Professor Onagi promovierte 1993 am damaligen Kriminalwissenschaftlichen Institut der Universität zu Köln bei Prof. Dr. Dr. h.c. mult. Hans Joachim Hirsch über „Die Notstandsregelung im japanischen und deutschen Strafrecht“ (erschienen im Nomos Verlag). Seit 2003 ist er Direktor des Instituts für deutsches und japanisches Strafrecht an der Universität Hokkaido (Sapporo).
Im Rahmen der fünftägigen Vorlesungsreihe „Einführung in das japanische Recht“ brachte Herr Professor Onagi interessierten Studierenden der Rechtswissenschaft sowie aus dem Fachbereich der Japanologie nicht nur die Grundzüge des japanischen Zivil-, Straf- und Verfassungsrecht näher, sondern vermittelte auch umfangreiches Hintergrundwissen zur japanischen Geschichte und Kultur. Den Besuchern der Vorlesungsreihe bot sich so die Gelegenheit, wertvolle Einblicke in die historische und kulturelle Entwicklung Japans unter dem Einfluss westlicher Rechts- und Kultursysteme zu erhalten.

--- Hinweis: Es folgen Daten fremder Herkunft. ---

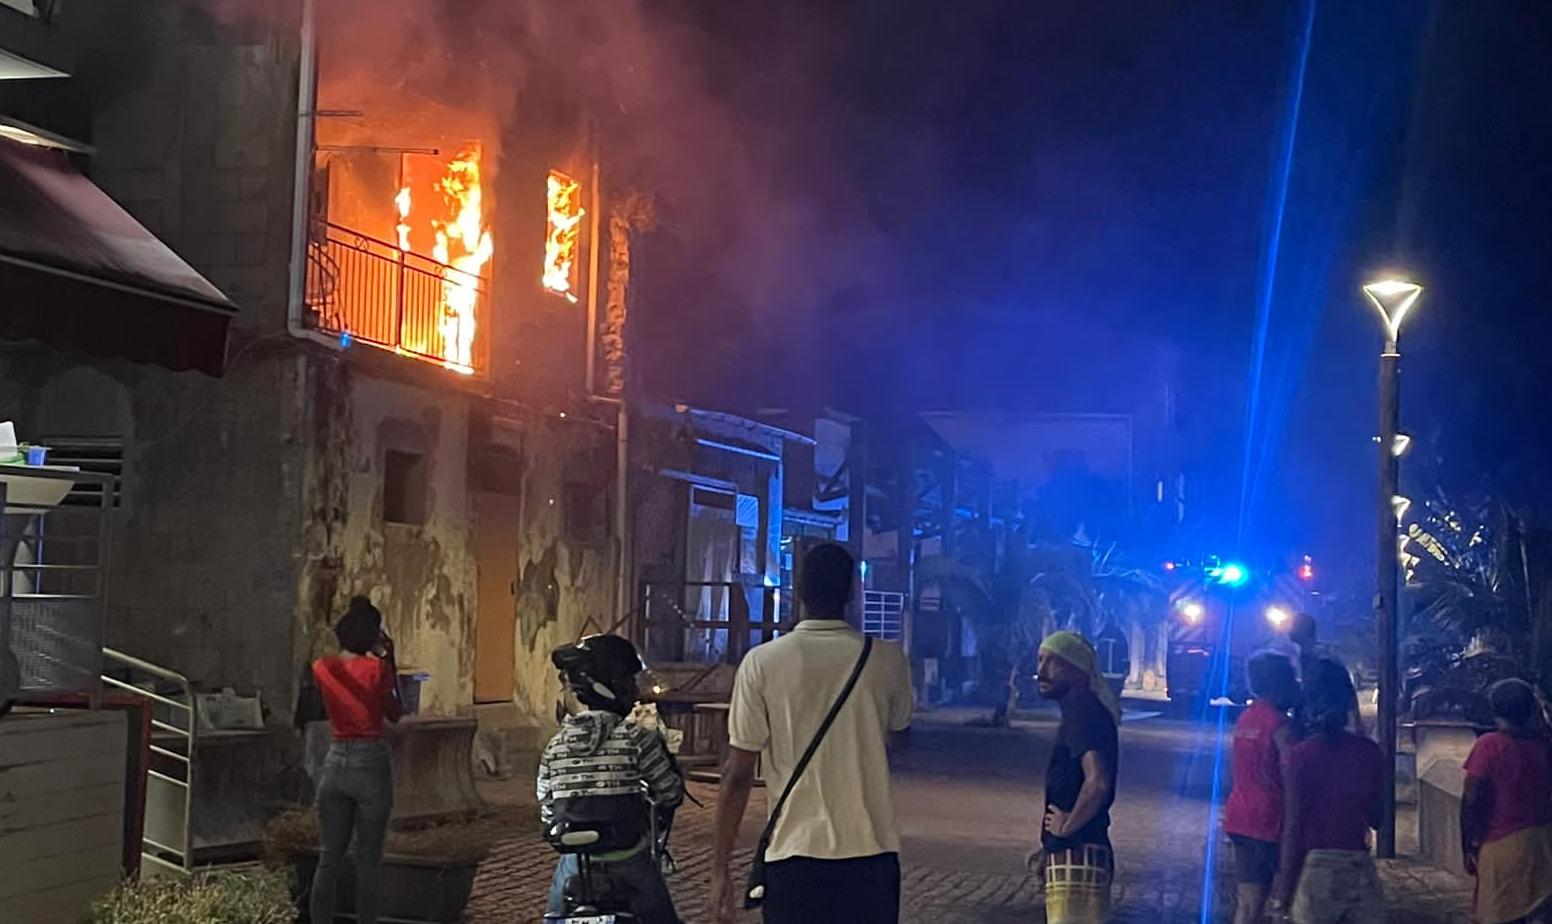     Une maison en feu à Saint-Pierre, ses occupants sains et saufs

Die Woche begann mit einem historischen Überblick über die japanische Kultur und Geschichte, wobei ein besonderer Fokus auf die rechtlichen und gesellschaftlichen Einflüsse durch westliche Länder wie die Niederlande, England, Frankreich, Deutschland und die USA gelegt wurde. Am Dienstag stand das japanische Verfassungsrecht im Mittelpunkt. Die Teilnehmer erhielten einen Überblick über die Verfassungsgeschichte, in deren Rahmen ausgewählte Themen wie die Feiertagsregelungen, das verfassungsrechtliche Militärverbot und die sich wandelnde Rolle des Kaisers beleuchtet wurden. Der Mittwoch widmete sich dem Zivilrecht und stellte Grundlagen und Abweichungen im Vergleich zum deutschen System vor. Sodann folgte eine Vorlesungseinheit, in dessen Zentrum die Einführung in das materielle Strafrecht und die Geschichte des japanischen StGB standen. Im Vergleich zum deutschen Rechtssystem fielen vor allem die Abweichungen bei dem Grundsatz „nulla poena sine lege“ und der Irrtumslehre sowie das Fehlen der selbstständigen Kategorie der objektiven Zurechnung auf. Es wurde zudem die Rolle der „Komplottmittäterschaft“ und ihr Vergleich zur Figur des „Täters hinter dem Täter“ thematisiert. Die Vorlesungsreihe von Herrn Professor Onagi endete mit einer überblicksartigen Darstellung des japanischen Strafprozessrechts und das Strafvollzugswesen Japans. Ein besonderer Fokus lag dabei auf dem Rechtsrahmen der Todesstrafe, die in Japan bis heute praktiziert wird. Ebenso gaben die Ausführungen zum japanischen Strafvollzugssystem und der japanischen Kriminalpolitik Anlass zur regen Diskussion.
Im Rahmen der Vorlesungsreihe von Herrn Professor Onagi wurde deutlich, wie stark das japanische Rechtssystem durch seine eigene kulturelle Geschichte sowie durch Einflüsse westlicher Rechtsmodelle geprägt ist. Die Unterschiede zum deutschen Recht offenbaren, wie Japan trotz Adaptionen eigenständige und spezifische Rechtsansätze entwickelt hat und geben Anlass zu weiterem intensiven Austausch zwischen der japanischen und deutschen Rechtswissenschaft.